Со времени Руссо никто в Европе не говорил таких дерзостей европейской цивилизации и современному «прогрессу», как Ницше, если не считать его предшественника, Макса Штирнера, слишком одинокого, слишком мало расслышанного в свое время, да и только бросившего недоразвитый зачаток оригинальной мысли. За этим ничтожным по своей мимолетности и незаконченности исключением, все сколько-нибудь значительное в деле отрицательной критики цивилизации и «прогресса» так или иначе примыкает к Руссо, как к первоисточнику или первообразу. Это одинаково относится и к европейским социалистам, с включением самых крупных, как Фурье, и с другой стороны, например, к гр. Л. Н. Толстому, критику новейшему, некоторые оригинальные выходки которого не мешают всей отрицательной части его учения оставаться все же таки вариациями на основную тему, данную Руссо. Ницше вносит в свою критику нечто действительно оригинальное и новое, что никоим образом не может быть приведено в связь с идеями Руссо, которого он «ненавидит» и называет «идеалистом и канальей в одном лице» (Gotzendammerung, 125). Это не мешает ему, впрочем, в некоторых пунктах сходиться с Руссо, чтобы, однако, немедленно же, на втором же шаге резко разойтись.

В одном месте «Gotzendammerung» Ницше говорит о своих соотечественниках: «Немцев называли когда-то народом мыслителей; мыслят ли они вообще теперь? Духовное наскучило немцам, немцы не доверяют духу, политика проглотила всякий интерес к истинно духовным предметам. „Deutschland, Deutschland uber Alles“, – я боюсь, что это было концом немецкой философии. Есть ли в Германии философы? есть ли в Германии поэты? хорошие книги? – спрашивают меня за границей. Я краснею, но с храбростью, не покидающею меня в самых отчаянных положениях, отвечаю: да, – Бисмарк» (59). Конечно, не эту забавную выходку имел я в виду, говоря о дерзостях Ницше; я привел ее только как свидетельство того уважения, которое Ницше питает к мысли, к умственной деятельности вообще. И таких свидетельств можно бы было найти у него очень много, если бы понадобилось. Но в этом, конечно, надобности нет: иного отношения к мысли, знанию, умственным интересам нельзя было бы и ожидать со стороны представителя умственной деятельности. Недаром он постоянно включает себя в формулы: «мы философы», «мы психологи», «мы познающие». А между тем тот же Ницше жестоко упрекает современность в том, что она слишком много мыслит и знает, слишком много хочет мыслить и знать, и видит в этом излишестве одно из оснований «проблемы декадентства». Это уже на-стоящая дерзость, напоминающая одну из знаменитых дерзостей Руссо, но в совершенно ином освещении.
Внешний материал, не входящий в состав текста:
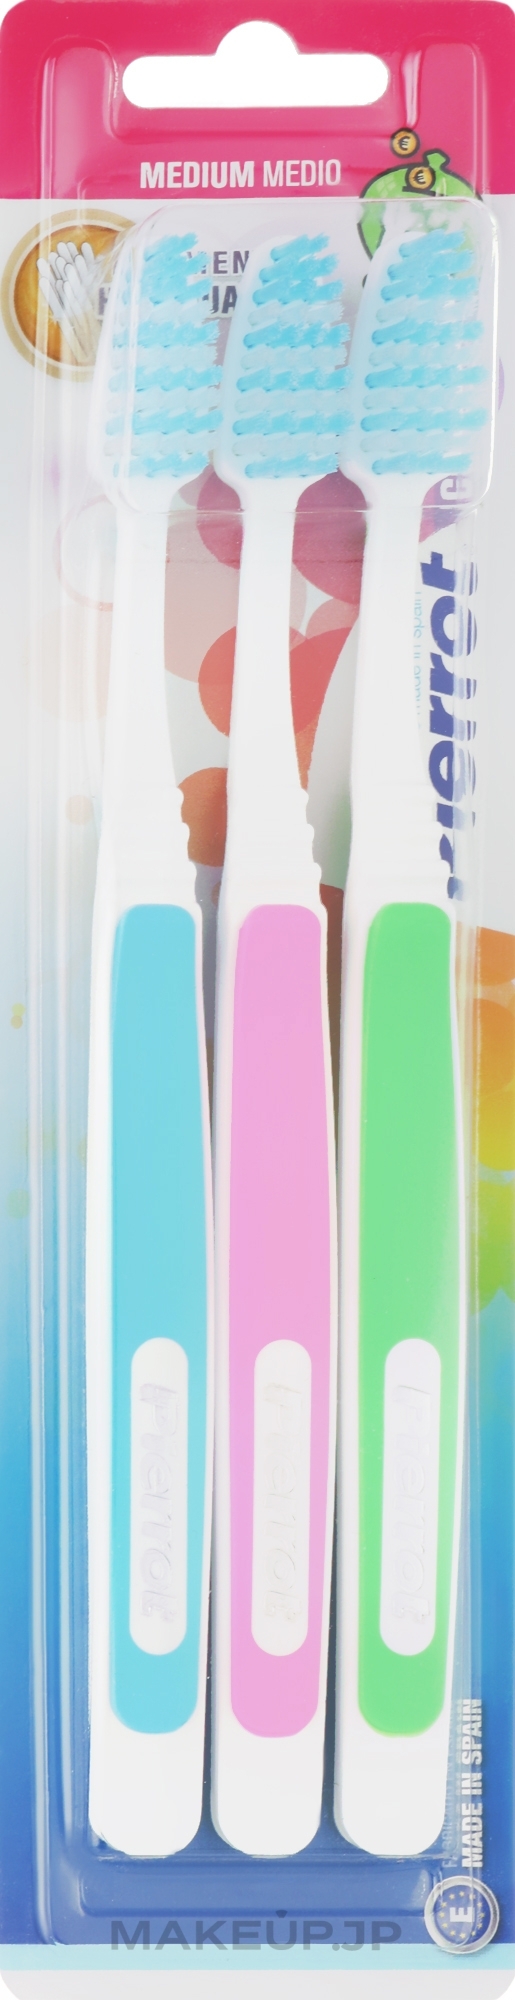 Toothbrush Set "Coloros", green + pink + blue - Pierrot New Active — photo 3 szt.

Человечество, по крайней мере цивилизованное человечество, находится, по мнению Ницше, в периоде упадка, декаданса. Вступило оно в него давно и притом несколькими различными путями. Один из этих путей начинается Сократом. Это был первый в своем роде крупный человек упадка, первый декадент или, вернее, первый крупный выразитель уже наступившего упадка.
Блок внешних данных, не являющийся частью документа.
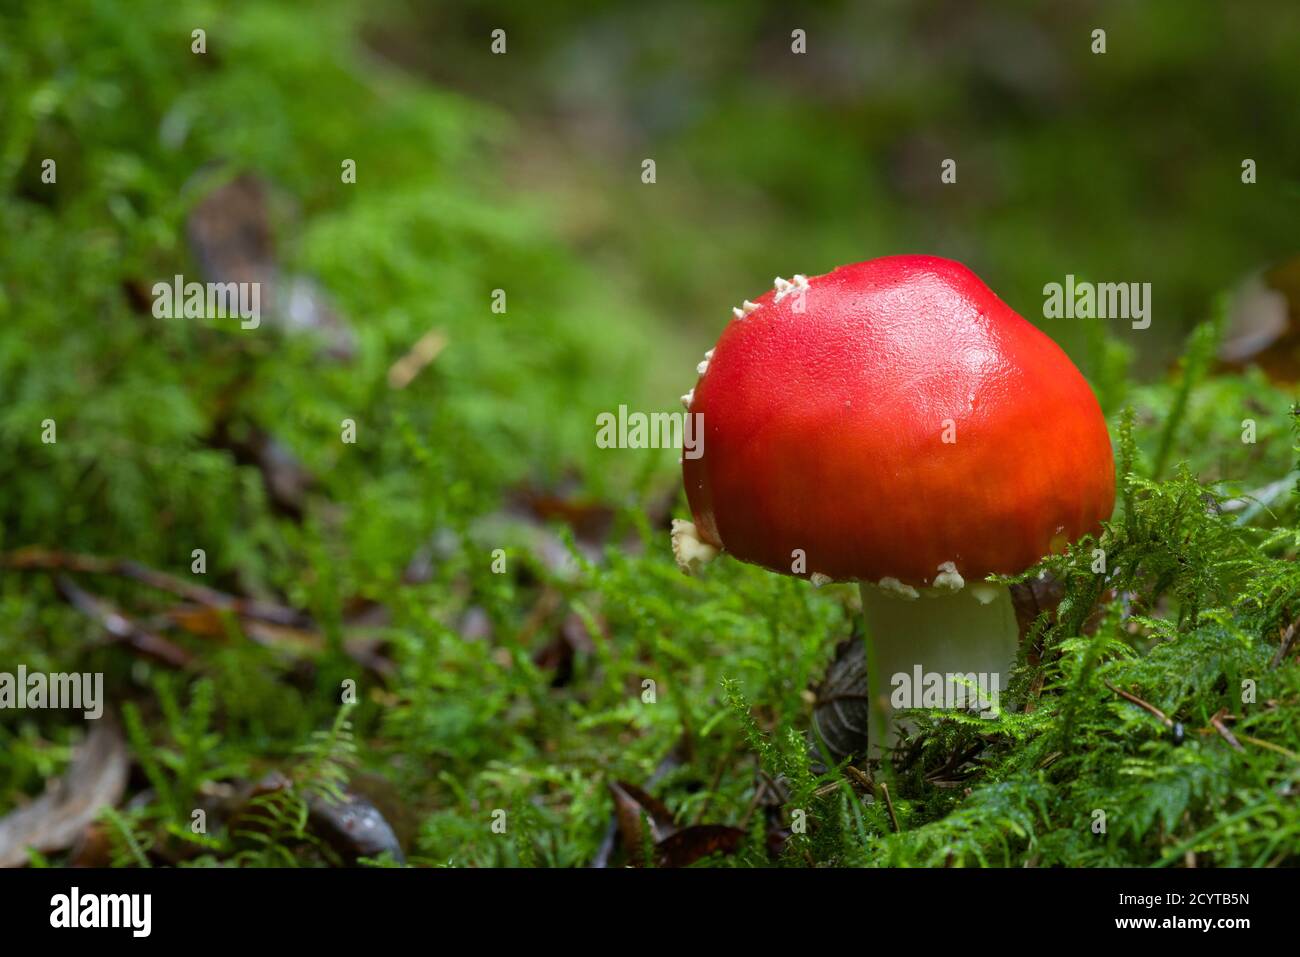 Fly Agaric or Fly Amanita (Amanita muscaria) mushroom growing on a woodland floor in the Mendip Hills, Somerset, England. Stock Photo

Мысль эту Ницше с некоторою робостью или, по крайней мере, не с полною определенностью высказал еще в 1872 г., в своем первом сочинении, «Geburt der Tragodie», и вернулся к ней в окончательной форме через семнадцать лет в «Gotzendammerung». Мысли Ницше так разбросаны и переплетены между собой, что кое-что из его рассуждений о личности Сократа и его исторической роли станет, может быть, понятно читателям только в связи с некоторыми другими его мыслями, с которыми мы познакомимся позже.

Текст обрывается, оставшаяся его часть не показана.